FedML-AI / FedNLP

FedNLP: An Industry and Research Integrated Platform for Federated Learning in Natural Language Processing, Backed by FedML, Inc. The Previous Research Version is Accepted to NAACL 2022
223 stars 45 forks source link

Accuracy and loss didn't improve for FedAvg on 20news #19

Open haofuml opened 2 years ago

haofuml commented 2 years ago

I am trying to reproduce the FedAvg results on 20news data. However, the FedAvg algorithm on 20news task seems not working. Comparing with the centralized run, the eval accuracy and loss of FedAvg did not make any improvement after many rounds (eval acc 0.063, eval loss 2.969). The results and experiment setting can be checked here: https://wandb.ai/haofuml/fednlp_bl?workspace=user-haofuml

chaoyanghe commented 2 years ago

@haofuml I see. I will check this issue this weekend.

shubham-malaviya commented 2 years ago

I am trying to reproduce the FedAvg results on 20news data. However, the FedAvg algorithm on 20news task seems not working. Comparing with the centralized run, the eval accuracy and loss of FedAvg did not make any improvement after many rounds (eval acc 0.063, eval loss 2.969). The results and experiment setting can be checked here: https://wandb.ai/haofuml/fednlp_bl?workspace=user-haofuml

Hi, any progress on this? Thanks!

chaoyanghe commented 2 years ago

@shubham-malaviya set the optimizer to "fedOPT", it should work

IreneTenison commented 2 years ago

I'm facing the same issue. Is there any reason for the lack of improvement with fedAVG? Do you have a workaround? @chaoyanghe

zjc664656505 commented 2 years ago

Similar, FedAvg has no improvement on the acc and loss. The potential reason could be the parameter update from client to server stuck somewhere.

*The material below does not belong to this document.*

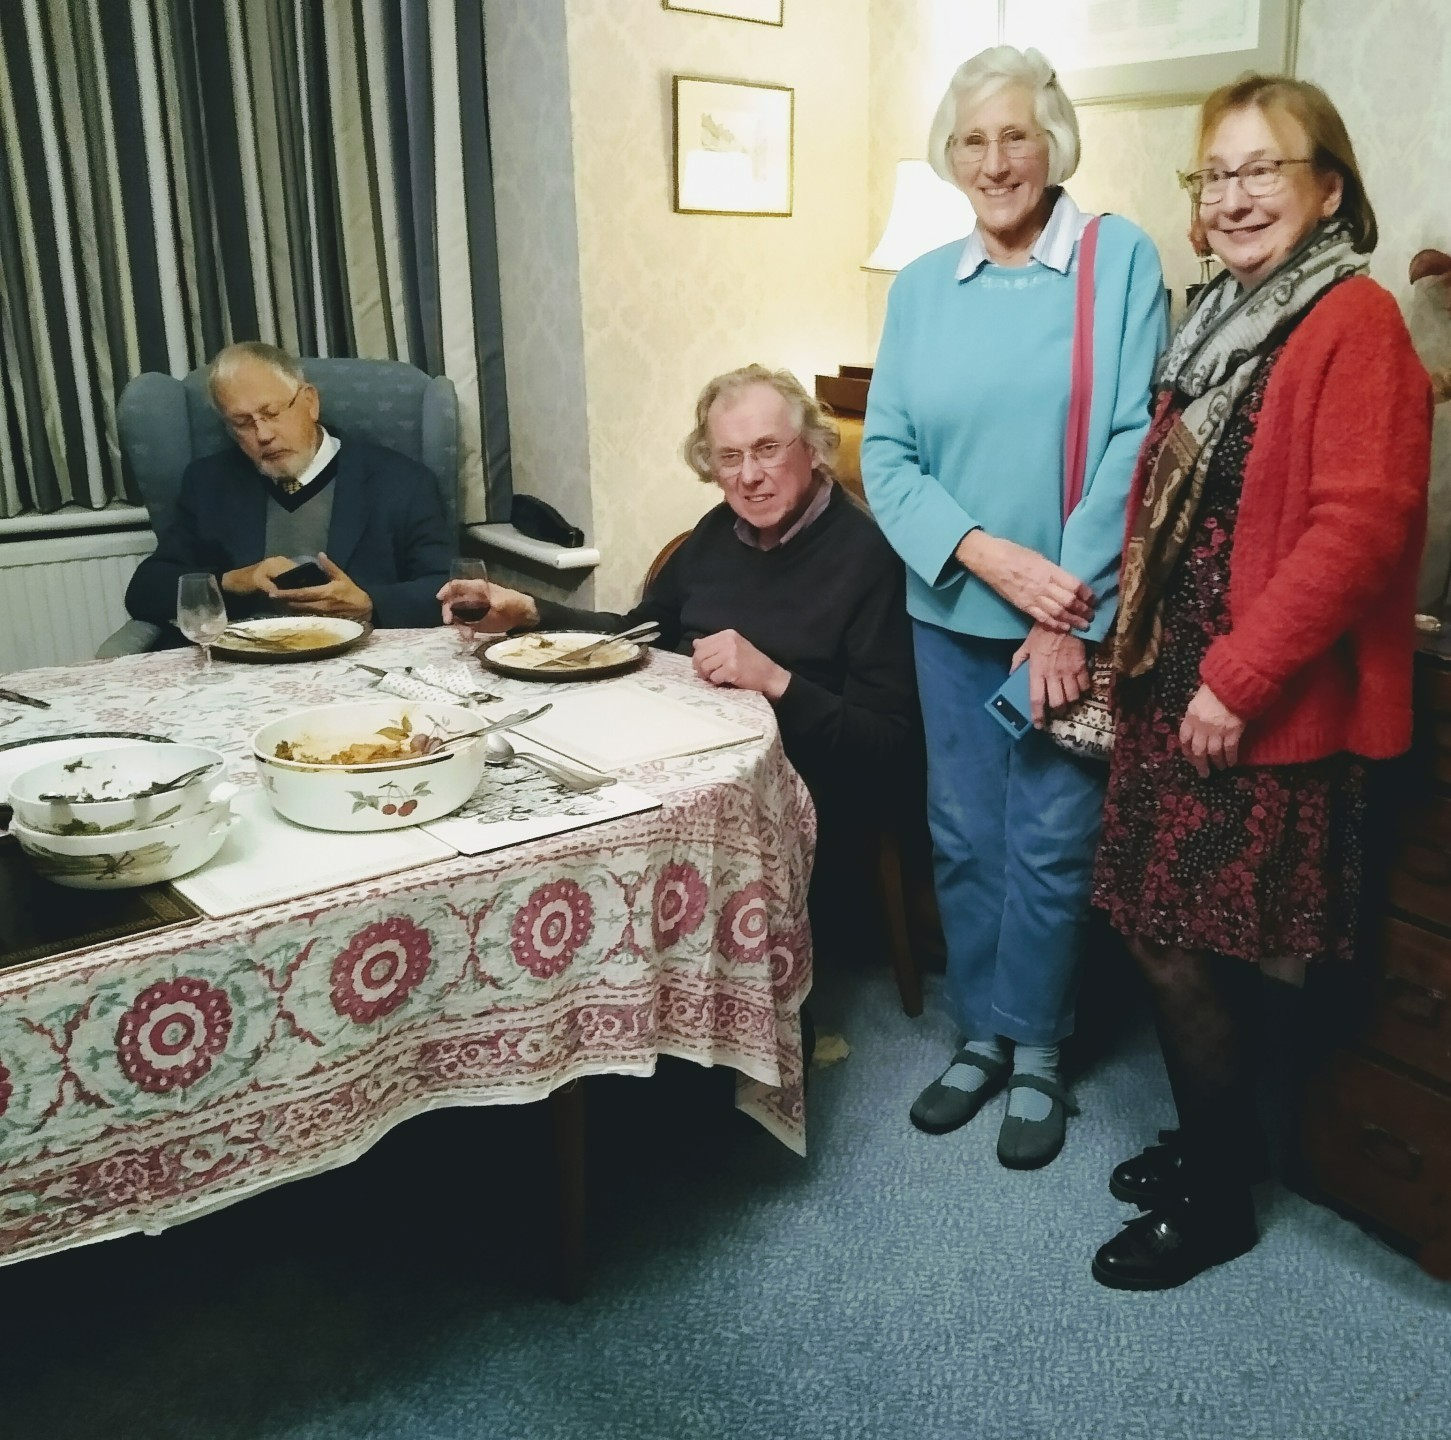 Image: EDOA members in the dining room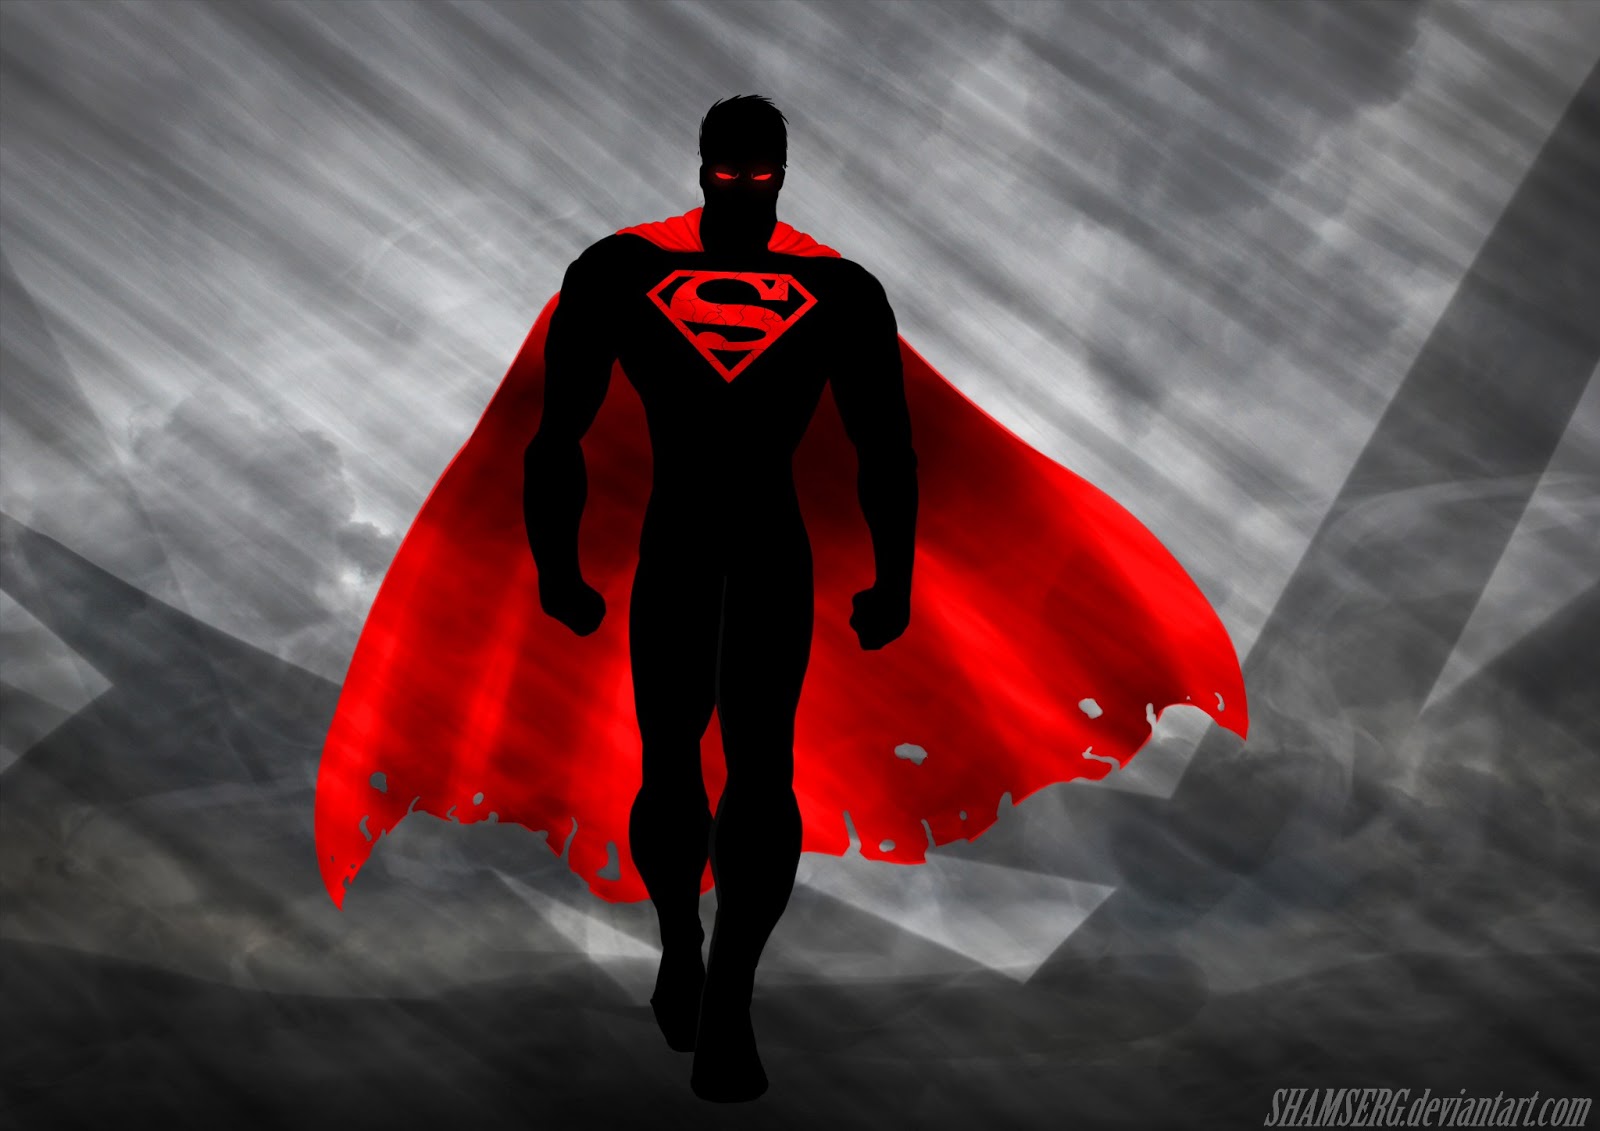  superman marvel comics superman superman superman comics wallpapers

zjc664656505 commented 2 years ago

3335 2022-03-13,22:21:21.453 - {FedAVGAggregator.py (45)} - add_local_trained_result(): add_model. index = 1 3335 2022-03-13,22:21:21.453 - {FedAvgServerManager.py (52)} - handle_message_receive_model_from_client(): b_all_received = False 3335 2022-03-13,22:21:23.862 - {FedAVGAggregator.py (45)} - add_local_trained_result(): add_model. index = 2 3335 2022-03-13,22:21:23.870 - {FedAvgServerManager.py (52)} - handle_message_receive_model_from_client(): b_all_received = False 3335 2022-03-13,22:21:28.058 - {FedAVGAggregator.py (45)} - add_local_trained_result(): add_model. index = 3 3335 2022-03-13,22:21:28.064 - {FedAvgServerManager.py (52)} - handle_message_receive_model_from_client(): b_all_received = False 3335 2022-03-13,22:21:28.365 - {FedAVGAggregator.py (45)} - add_local_trained_result(): add_model. index = 4 3335 2022-03-13,22:21:28.372 - {FedAvgServerManager.py (52)} - handle_message_receive_model_from_client(): b_all_received = True 3335 2022-03-13,22:21:39.657 - {FedAVGAggregator.py (70)} - aggregate(): len of self.model_dict[idx] = 5 3335 2022-03-13,22:21:39.960 - {FedAVGAggregator.py (87)} - aggregate(): aggregate time cost: 11 3335 2022-03-13,22:21:39.961 - {tc_transformer_trainer.py (137)} - eval_model(): len(test_dl) = 942, n_batches = 942 indexes of clients: [37 26 78 91 49]3335 2022-03-13,22:21:49.148 - {tc_transformer_trainer.py (180)} - eval_model(): best_accuracy = 0.009692 3335 2022-03-13,22:21:49.148 - {tc_transformer_trainer.py (188)} - eval_model(): {'mcc': -0.012776380246762163, 'tp': 0, 'tn': 0, 'fp': 0, 'fn': 0, 'acc': 0.009426447158789167, 'eval_loss': 3.0077073222259556} 3335 2022-03-13,22:21:49.149 - {FedAVGAggregator.py (97)} - client_sampling(): client_indexes = [37 26 78 91 49]

zjc664656505 commented 2 years ago

The log is like this. It seems like the model on the server has never received the updated parameters from the clients. I think this is the reason causing the results never get updated.